まずはやってほしいこと、不安に思っていることをノートに書き出しましょう。
なぜなら「死後事務委任契約で実現したいこと」を明確にしておく必要があるからです。
その中から依頼する死後事務の内容を検討し決定します。
この段階では「どうしても実現したい内容」と「できれば依頼したい内容」に分けて、優先順位をつけておくと良いでしょう。
ただし相続に関して希望がある場合は、死後事務では依頼できないため、遺言などの方法も合わせて検討しておく必要があります。
次に依頼先となる受任者を決定します。
相手方と前項目で検討した依頼内容を相談し、費用の面でも折り合いがつけば、受任者を決定しましょう。
その際、あなたの遺志を反映する契約内容にするためにも、相手方に可能な限り詳細に伝えることが大切です。
依頼先が専門企業や弁護士などの士業であれば、あなたの提案内容に不備があったとしても、委任内容を的確に修正・再提案してくれるでしょう。
その上で的確な見積もりを作成し、双方納得の上で契約を結びましょう。
そのためにも、しっかりとした打ち合わせが必要になります。
受任者を決定し、委任する内容がしっかりと固まったら、それらを記載した契約書を作成する必要があります。
契約の締結には口頭でも可能ですが、言った言わないのトラブルのもとになりますし、証明することも出来ません。
そのため契約書を作成する必要があります。
後に公正証書化するため、必要な書類も準備しておきましょう。
以下の書類のいずれかが委任者、受任者ともに必要となります。
- 印鑑登録証明書(発行3ヵ月以内のもの)と実印
- 運転免許証と認印
- マイナンバーカードと認印
- パスポートと認印
最後に契約書を作成し必要書類を準備したら、公証役場で契約書を公正証書化します。
多少の費用はかかりますが、公正証書化すれば証拠能力は高くなるうえ、公証役場で保管されますので、記載内容の改ざんがなされる心配もありません。
仮に契約書を紛失したとしても、再発行が行えるというメリットもあります。
契約締結にあたって、記載内容の決定や契約書の作成を、相手方に任せっきりにしてしまってはいけません。
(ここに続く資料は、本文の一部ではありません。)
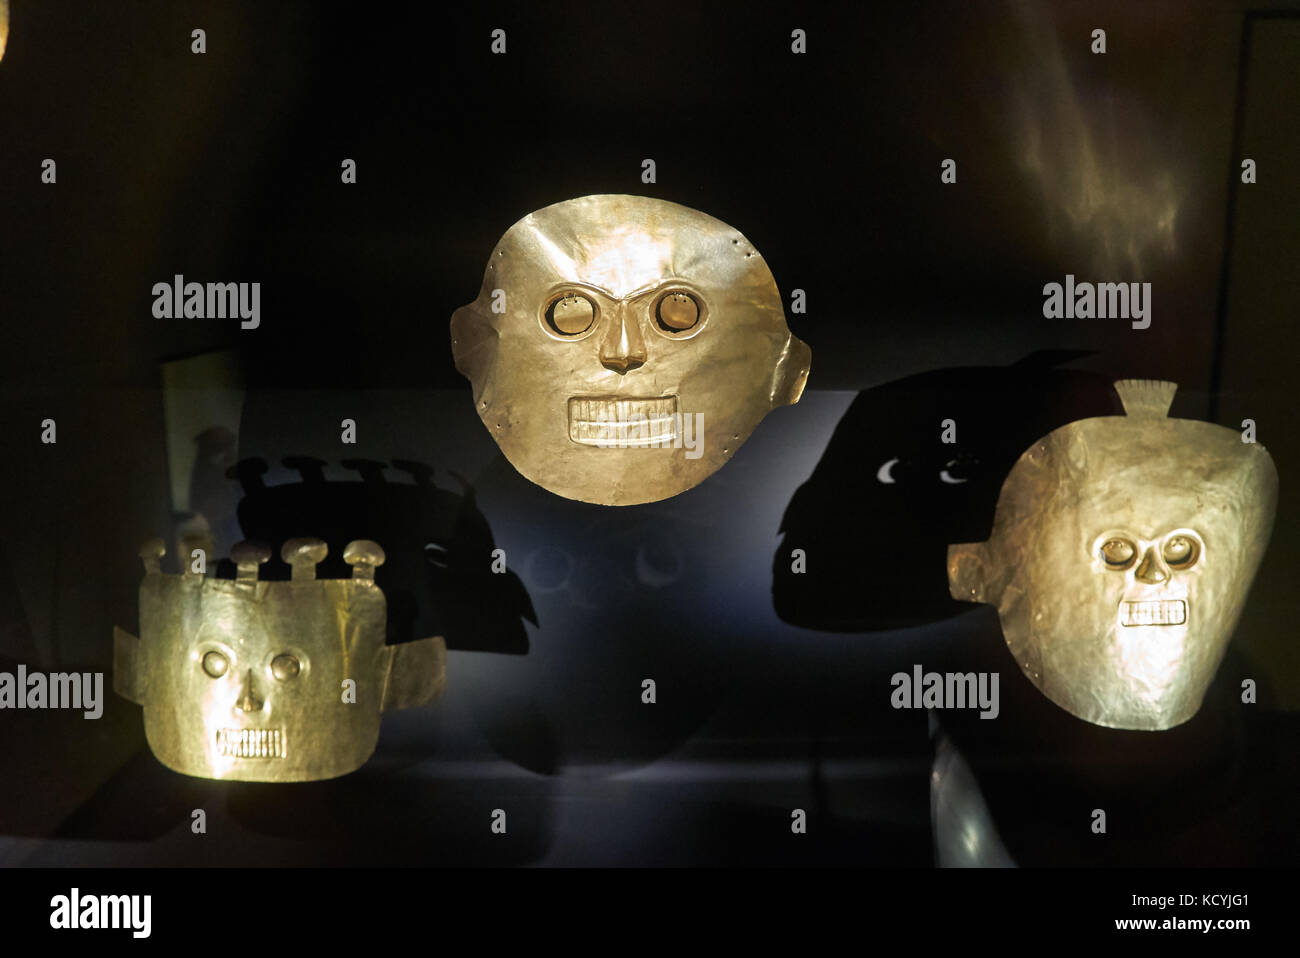 Masque d'or, pièces d'exposition dans le musée de l'or ou Museo del Oro, Bogota, Colombie, Amérique du Sud Banque D'Images

たとえ専門の事業者に依頼したとしても、重要部分に関しては自身の目で確認する必要があります。
例えば、預託金支払い済みの明記や報酬に関する記載などは得に注意しましょう。
また、死後に解約して欲しいwebサービスの名称など、死後事務を進める上で必要な情報が盛り込まれているかも確認してください。
その他にも下記のような注意点があります。
- 契約内容の有効性を確認する
- 親族への事前通知
- 本人の意思能力があるうちに準備する
- 事業者の倒産や預託金の返還など
希望する委任内容が実現可能なものか、法的に有効なのかを確認しておく必要があります。
また、通常「委任契約」は本人の死亡によって契約が無効となる旨が、民法653条第1項に定められています。
つまり、そのままでは死後事務委任契約していたと思っても、委任者の死亡によって無効になってしまいます。
そのような事態を防ぐには、「委任者の死亡によって死後事務委任契約を終了しない。」旨を特約で定めておかねばなりません。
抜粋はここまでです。